1. "Strings of Nashville" (Gold Soundz CD5, 1994) Less a song than a palmful of anemic chords and stumbling drums facing down a stiff breeze, “Strings”’ strength lies in its tenderness, its trembly dread, its sheer willingness to undersell itself. Every element present pleads and plods; the breathy verses seem perpetually on the verge of curling in themselves, like autumn leaves succumbing to a campfire. Then the breeze wins, the world’s swept clean, and you’re left cradling a sad sweetness you’ll never quite comprehend.

Discussion
  • I'm surprised you didn't include "Stop Breathin'." It's, erm, a breath-taking song, really.
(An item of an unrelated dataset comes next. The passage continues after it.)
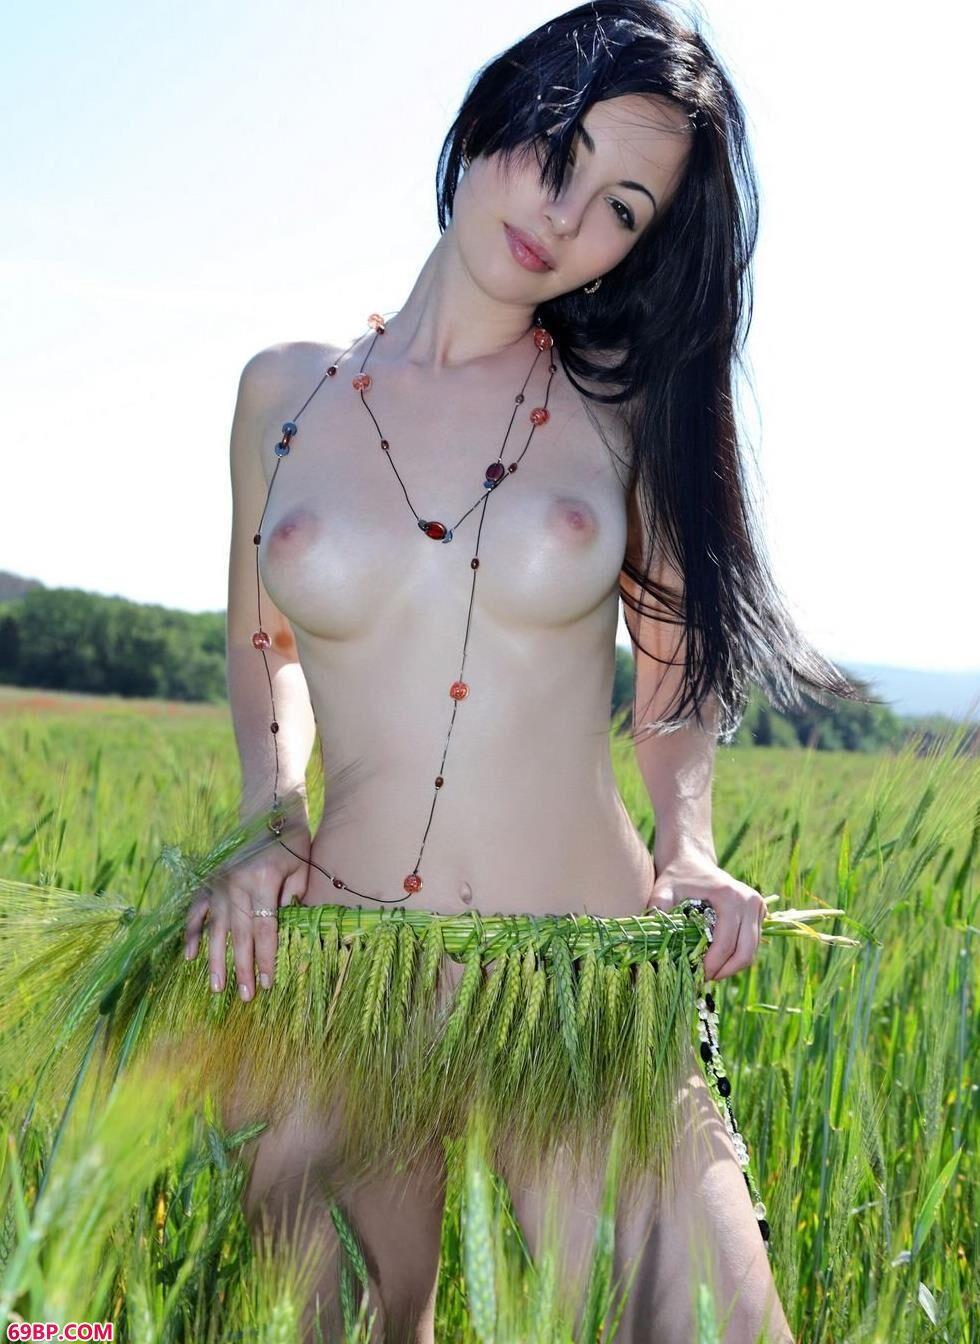 嫩模Melani稻田里的清纯人体_西西人体艺木&

I love Crooked Rain but they haven't clicked for me. And what Malkmus said about SP, "I like their music. It's their ideology I despise" - well, i feel the same about Pavement.

    Responses to this comment
  • Finally some love for "Harness Your Hopes," easily one of my favorite Pavement songs! I've found that nearly every Pavement top 10 is filled with deep cuts and B-sides, but there's always one of their "hits." For me, it's "Gold Soundz," here it's, well, "Here." I also appreciate the presence of "Elevate Me Later," "Fin," and "Rattled by the Rush." We should talk Pavement some time.